Спасибо тебе за участие в моих издательских начинаниях. Если ты сможешь дозвониться до человека, у которого остановится Некрасов, я бы тотчас приехала. И я поговорила здесь в Бостоне с моим приятелем, художником и книжным оформителем, человеком с очень хорошим вкусом, и он согласен оформить книгу.

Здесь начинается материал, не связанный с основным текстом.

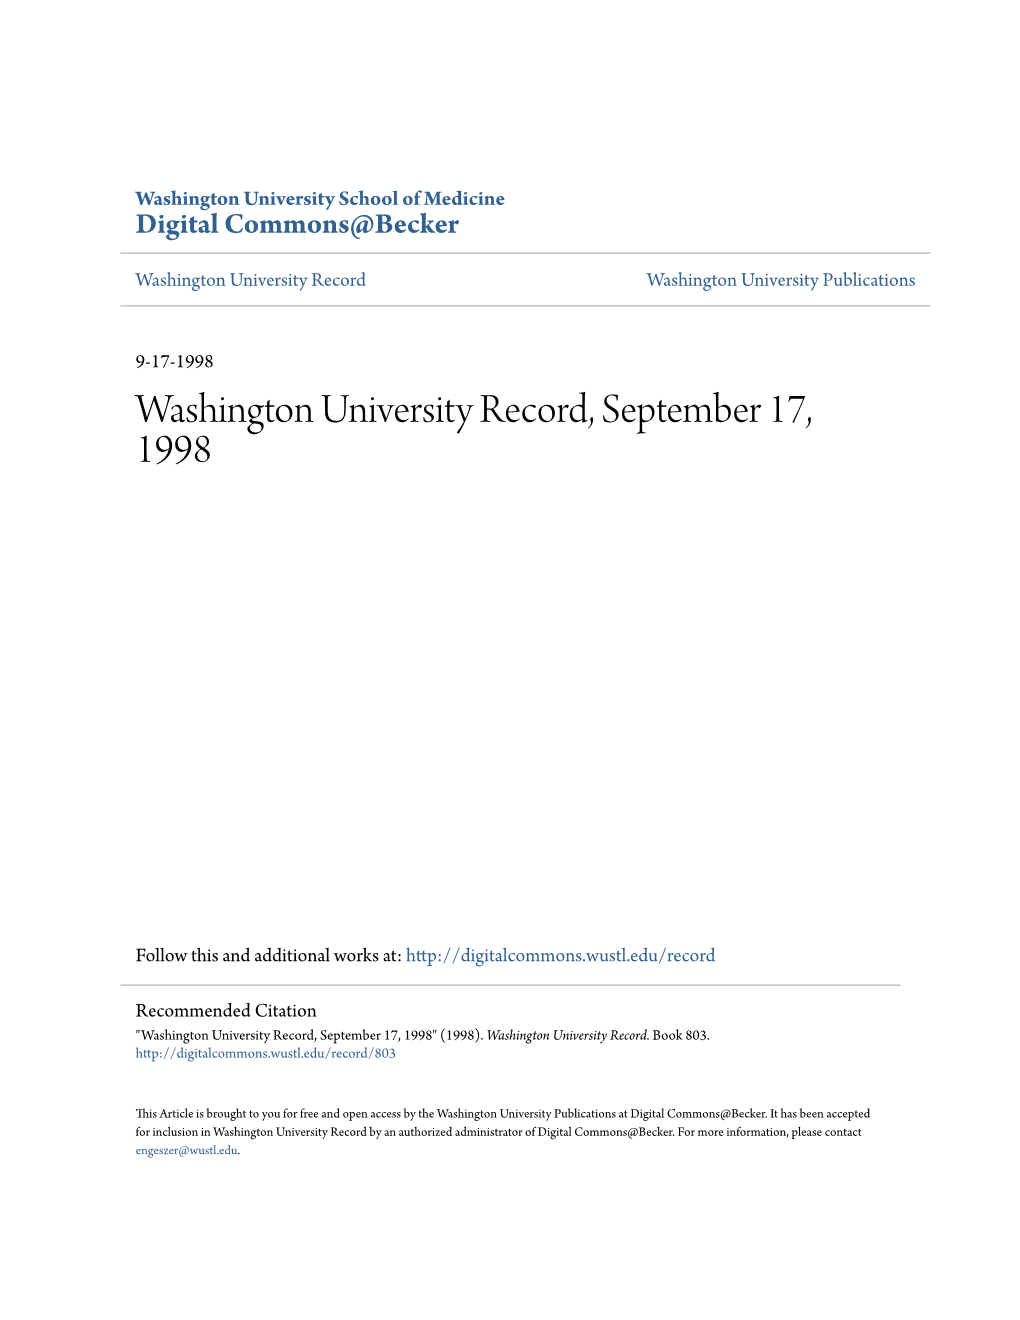 Washington University Record, September 17, 1998

Есть два ключевых вопроса.
Гена Шмаков (он сейчас у нас гостил несколько дней) считает, что издавать только повесть без рассказов хуже, чем с рассказами. Скажем, пять рассказов, дополнительным объемом 50 страниц. Разумеется, это удорожит все на 350–400 долларов, но я бы на это пошла, если Гриша считает, что можно подобрать более или менее хороший шрифт. Или это будет выглядеть безобразно? Генка говорит, что в этом случае книжка будет продаваться лучше. Я, конечно, ни черта в этом не смыслю.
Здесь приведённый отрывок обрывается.